I'm older than you (70 in a couple weeks) but lost weight at 59-60. I'm female, so our sizes are different, but I went from size 18-20 to size 6, which at my height was around 50 pounds. I eat the same range of foods I always ate, just in different portion sizes, proportions on the plate, and frequencies of very calorie-dense choices. I don't routinely meal prep.
Do you meal prep now? If so, look at the foods you usually prep, and consider ways to modify recipes or substitute alternative foods or change proportions of the ingredients, in ways that keep good nutrient density but reduce calories. Logging what you eat now for a typical week would give you a baseline about areas where you're getting a lot of calories, but not commensurate benefits in satiety, nutrition, or happiness with your eating.

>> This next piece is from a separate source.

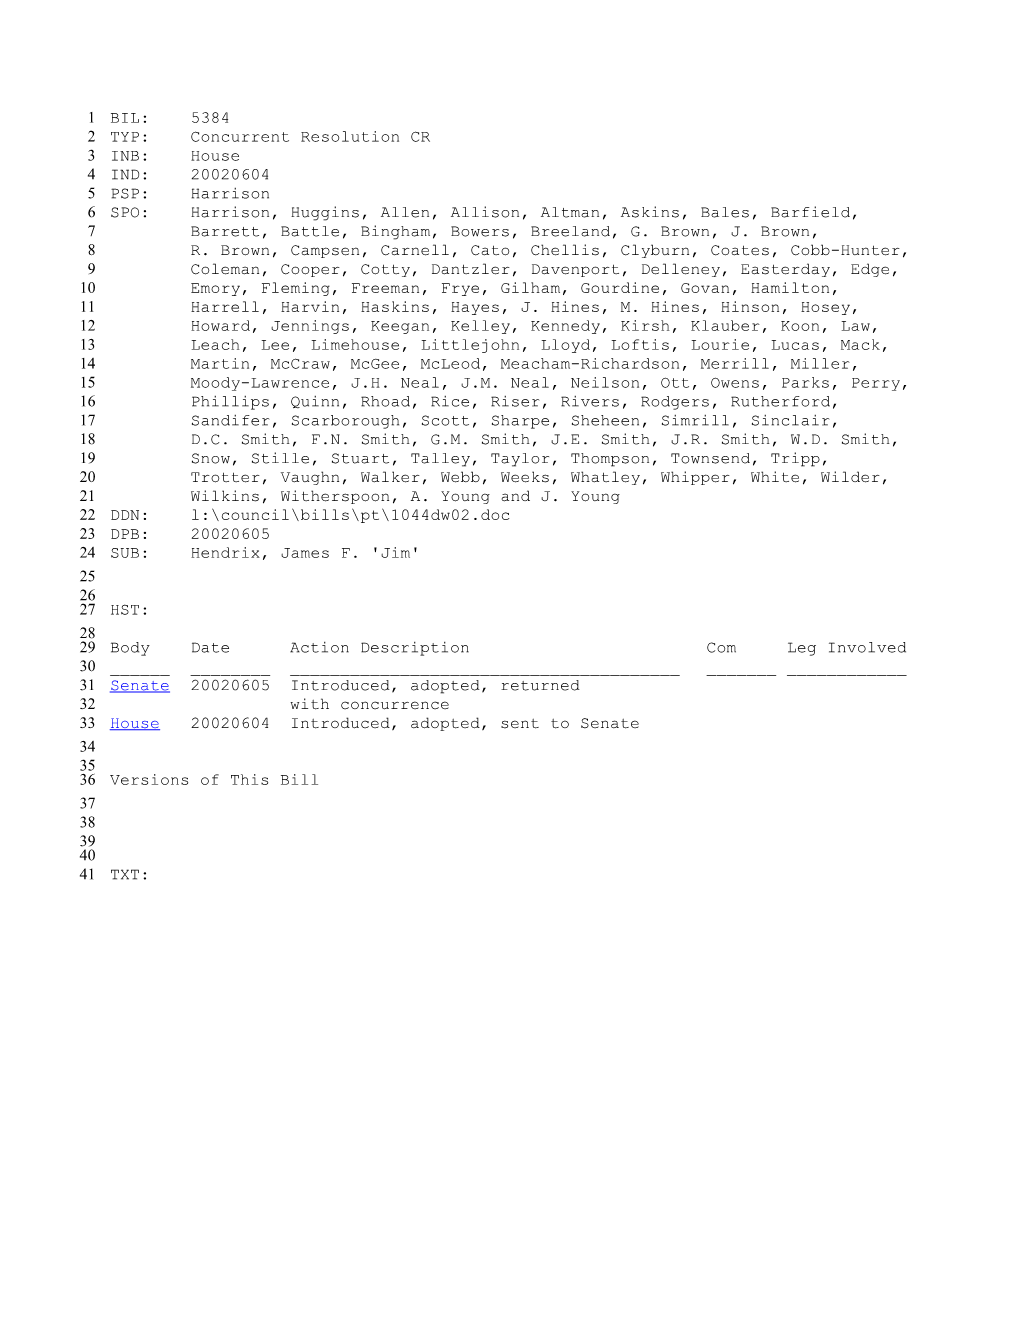 2001-2002 Bill 5384: Hendrix, James F. 'Jim' - South Carolina Legislature Online

Some common general strategies for that kind of thing are to use less oil/mayo, less cheese, leaner meat choices, lower portion sizes of things like rice/pasta/bread, choose lower calorie bread, do fewer fried foods and broil/bake/poach/grill instead, sub plain nonfat Greek yogurt for sour cream, more veggies but smaller portions of meat/starchy sides, etc. There's lots of info on the web about how to "lighten" recipes and meals.
If you don't meal prep now, why do you want to start? (That's not a criticism, just a question. Meal prepping is fine, helps many people. It just would be easier to give advice if I knew why you think it will help in your case.)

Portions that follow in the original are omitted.